──────── The input

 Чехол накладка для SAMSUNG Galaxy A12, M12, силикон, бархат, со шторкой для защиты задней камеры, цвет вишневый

────────────────
──────── The input

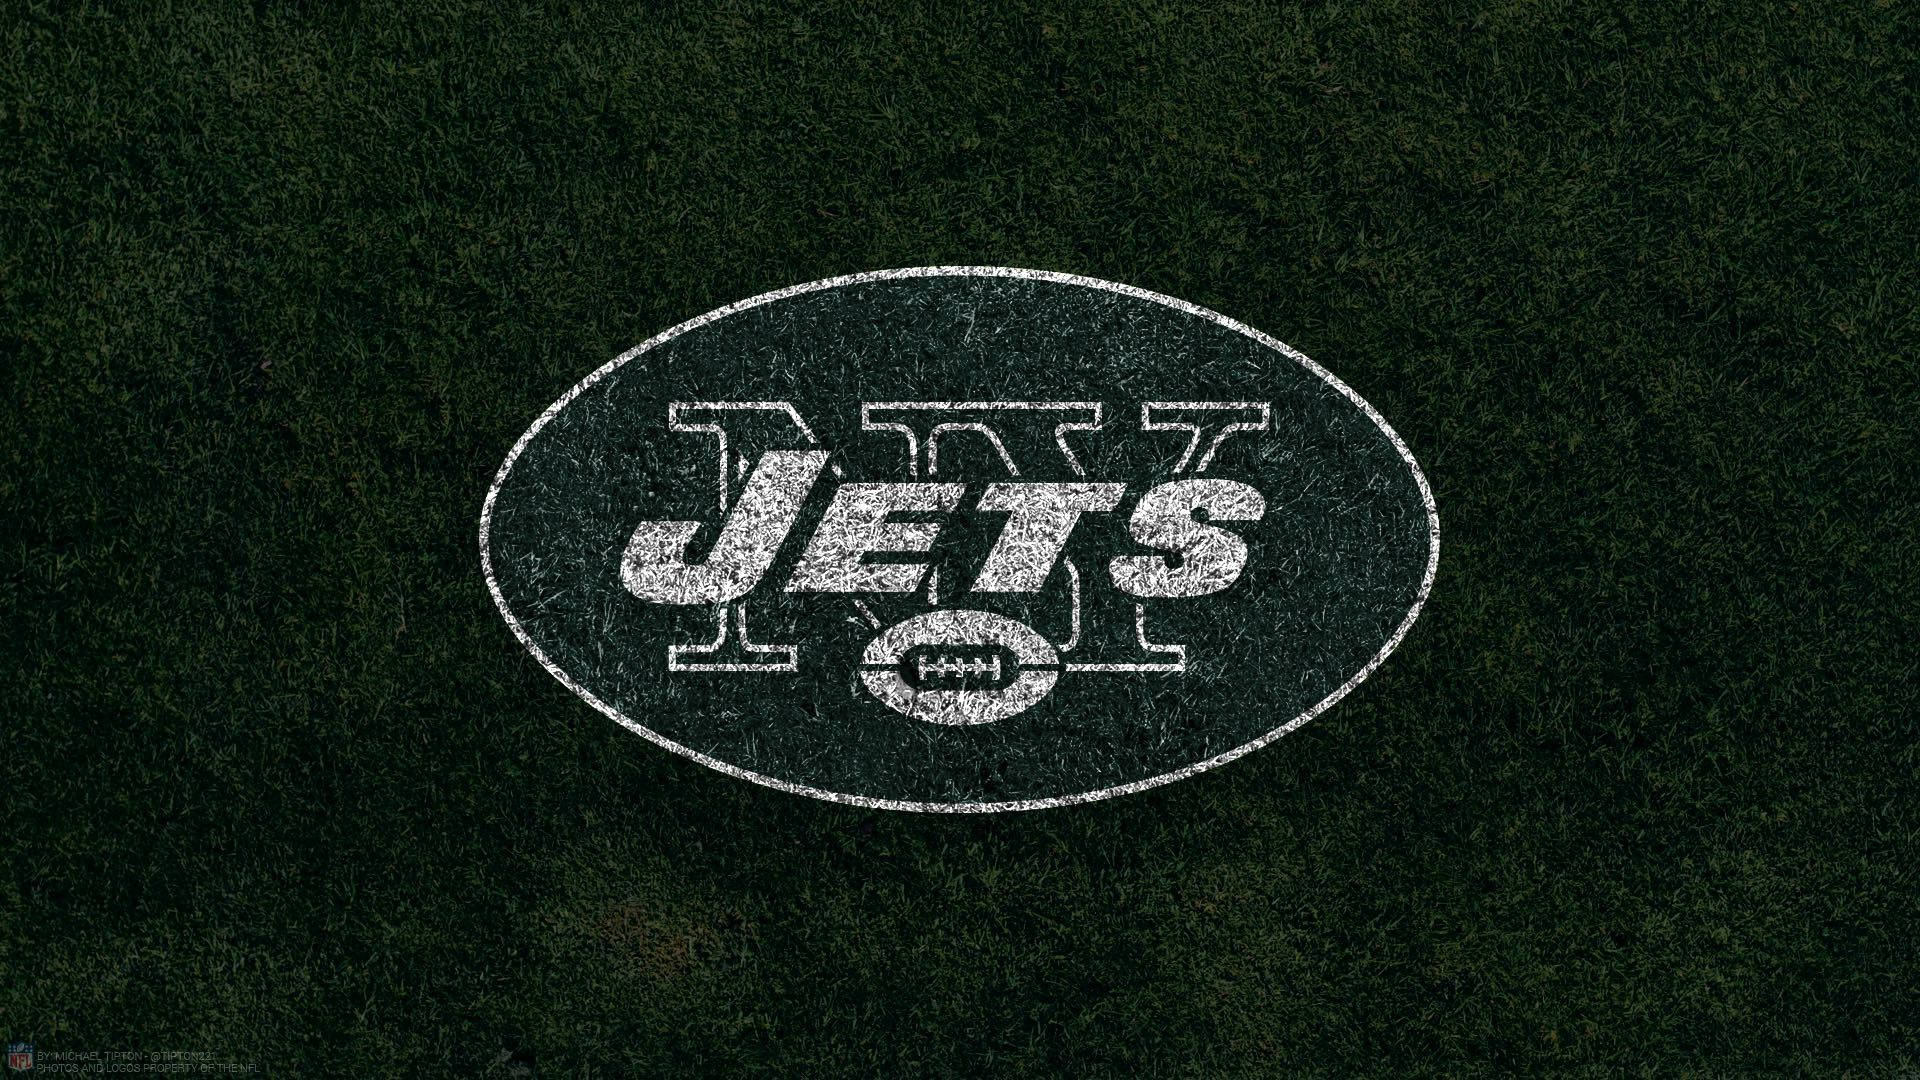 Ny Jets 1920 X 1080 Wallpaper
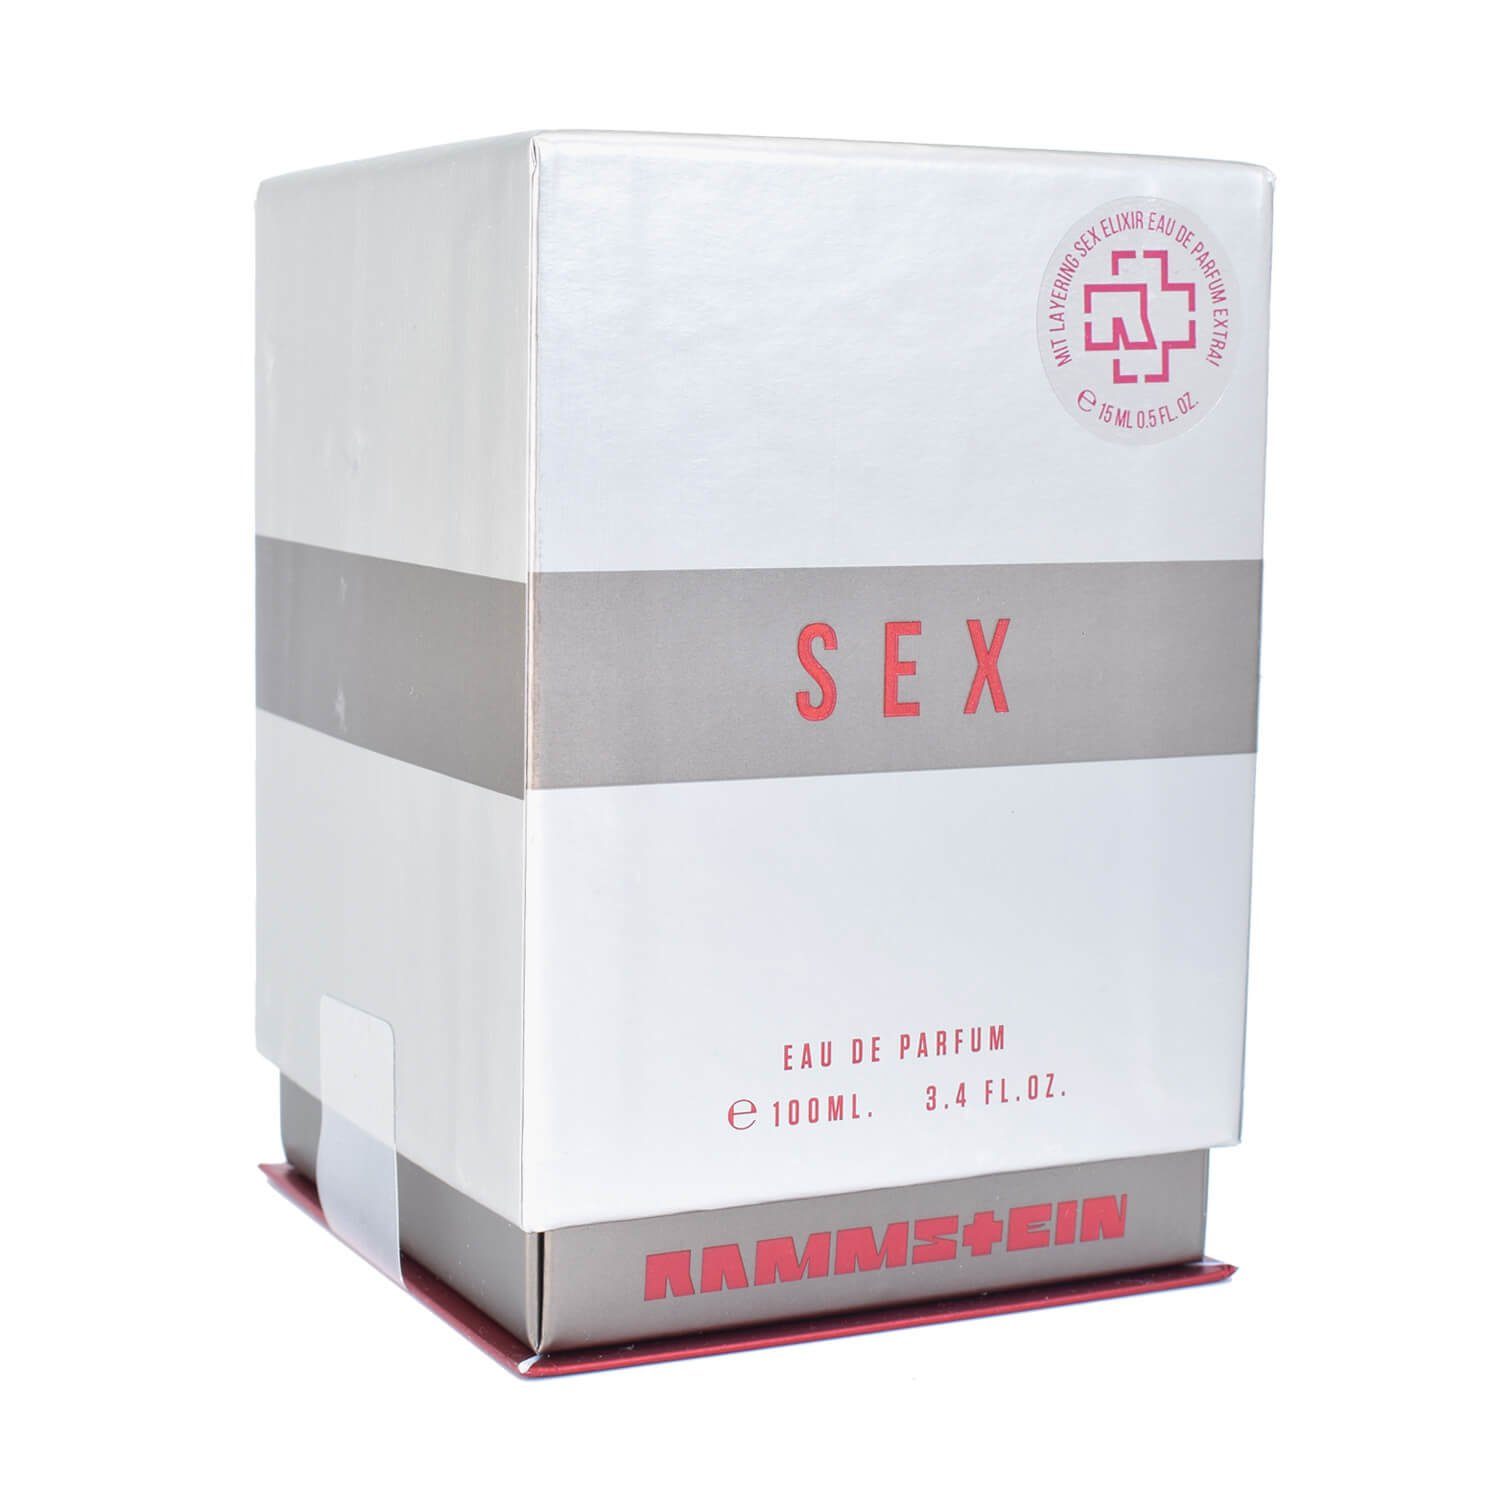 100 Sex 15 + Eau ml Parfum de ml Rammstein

────────────────

• **Work order**
When copying from the data above, print only the lines from the line containing "Ny Jets 1920 X 1080 Wallpaper" to the line containing "100 Sex 15 + Eau ml Parfum de ml Rammstein", exactly, and leave the pictures out.

• **Problem solution**
 Ny Jets 1920 X 1080 Wallpaper
 100 Sex 15 + Eau ml Parfum de ml Rammstein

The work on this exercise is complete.